Humane Society Veterinary Medical Association and Kislak Family Foundation Grant Enables Penn Vet to Repair Fractures of Animals in Need at Area Shelters
[October 28, 2015; Philadelphia, PA] – With a generous grant from the Humane Society Veterinary Medical Association and the Kislak Family Foundation, Penn Vet is helping to save the limbs – and lives – of animals at shelter organizations. Through this pilot program, “Saving Lives by Saving Limbs,” surgeons and students repair the fractured limbs of animals at risk for amputation or euthanasia.

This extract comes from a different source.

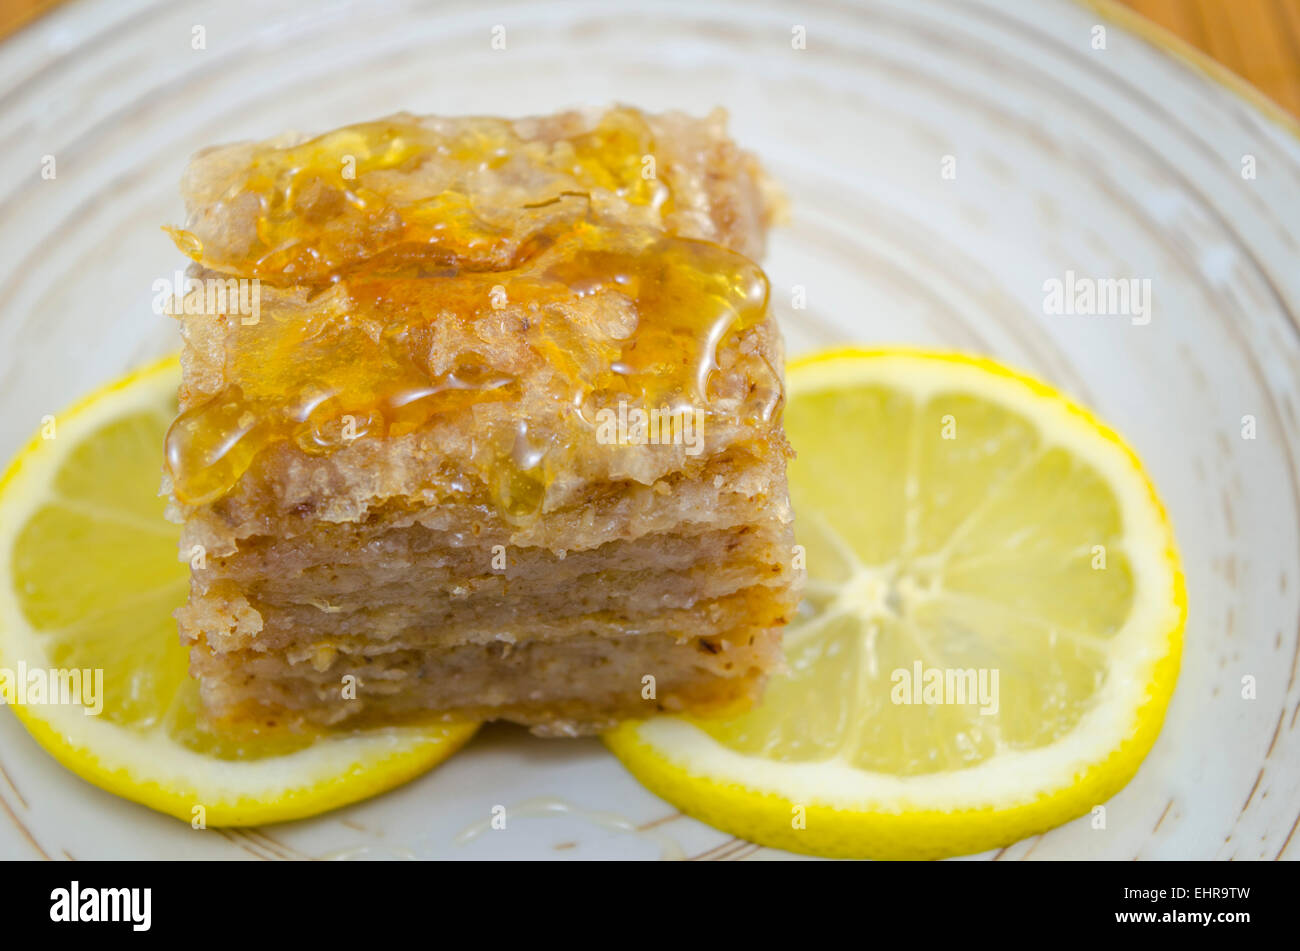 Baklava juteuse sur une assiette décorée avec des tranches de citron, prêts à être mangés Banque D'Images
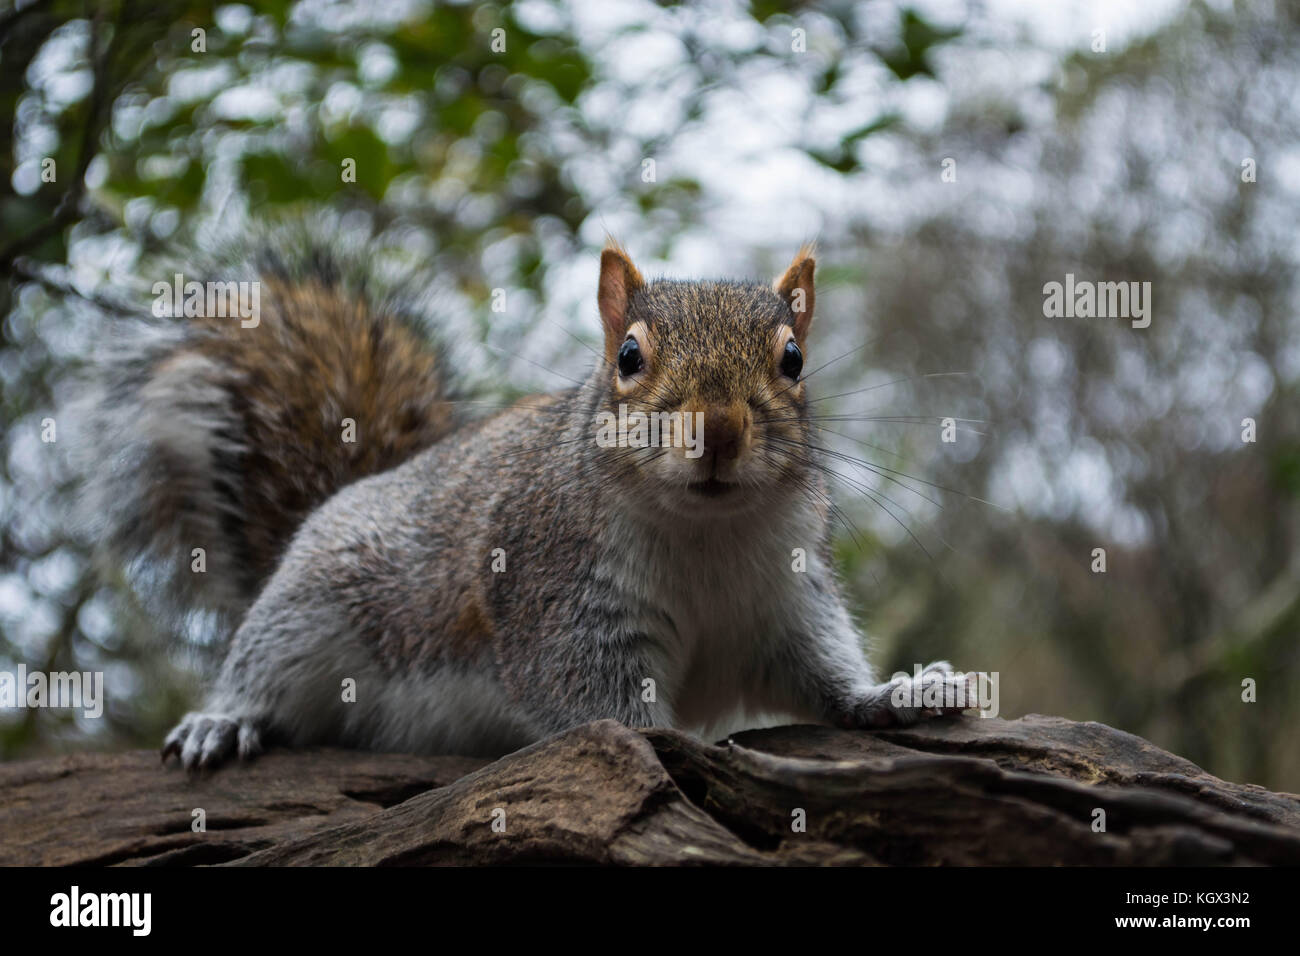 L'écureuil gris dans une forêt - tehidy, Cornwall, uk Banque D'Images

“The Humane Society VMA and the Kislak Family Foundation are pleased to provide funding for this pilot project to serve a population of previously overlooked homeless animals,” said Dr. Paula Kislak, President of the Humane Society Veterinary Medical Association. “We are thrilled with how Penn Vet has forged ahead so quickly and successfully with the implementation of this program, which also provides valuable learning opportunities for students, interns, and residents.”
In collaboration with shelter partners, eligible dogs and cats are identified and treated at Penn Vet’s Ryan Hospital, where their fractures are repaired at no cost to the shelter. The plates and screws necessary for these surgeries are generously provided by DePuy Synthes.
Following surgery, the animals are placed in foster care and made available for adoption. Potential owners must demonstrate a commitment to the follow-up care necessary for successful fracture healing. All follow-up care related to the fracture is provided at Penn Vet’s Ryan Hospital, at no cost to the owner.
Renowned for small animal surgery, Ryan Hospital is staffed by seven board-certified surgical specialists and six surgical residents.
“The Humane Society VMA and the Kislak Family Foundation have given us a wonderful opportunity to provide state-of-the-art care for Philadelphia’s stray animals,” said Dr. David Holt, Professor of Surgery. “Repairing these fractures also provides veterinary students, interns, and residents with greater exposure to fracture repair.”
About Penn Vet
Penn Vet is a global leader in veterinary education, research, and clinical care. Founded in 1884, Penn Vet is the only veterinary school developed in association with a medical school. The school is a proud member of the One Health Initiative, linking human, animal, and environmental health.
Penn Vet serves a diverse population of animals at its two campuses, which include extensive diagnostic and research laboratories. Ryan Hospital in Philadelphia provides care for dogs, cats, and other domestic/companion animals, handling more than 30,000 patient visits a year. New Bolton Center, Penn Vet’s large-animal hospital on nearly 700 acres in rural Kennett Square, PA, cares for horses and livestock/farm animals. The hospital handles more than 4,000 patient visits a year, while the Field Service treats nearly 37,000 patients at local farms. In addition, New Bolton Center’s campus includes a swine center, working dairy, and poultry unit that provide valuable research for the agriculture industry.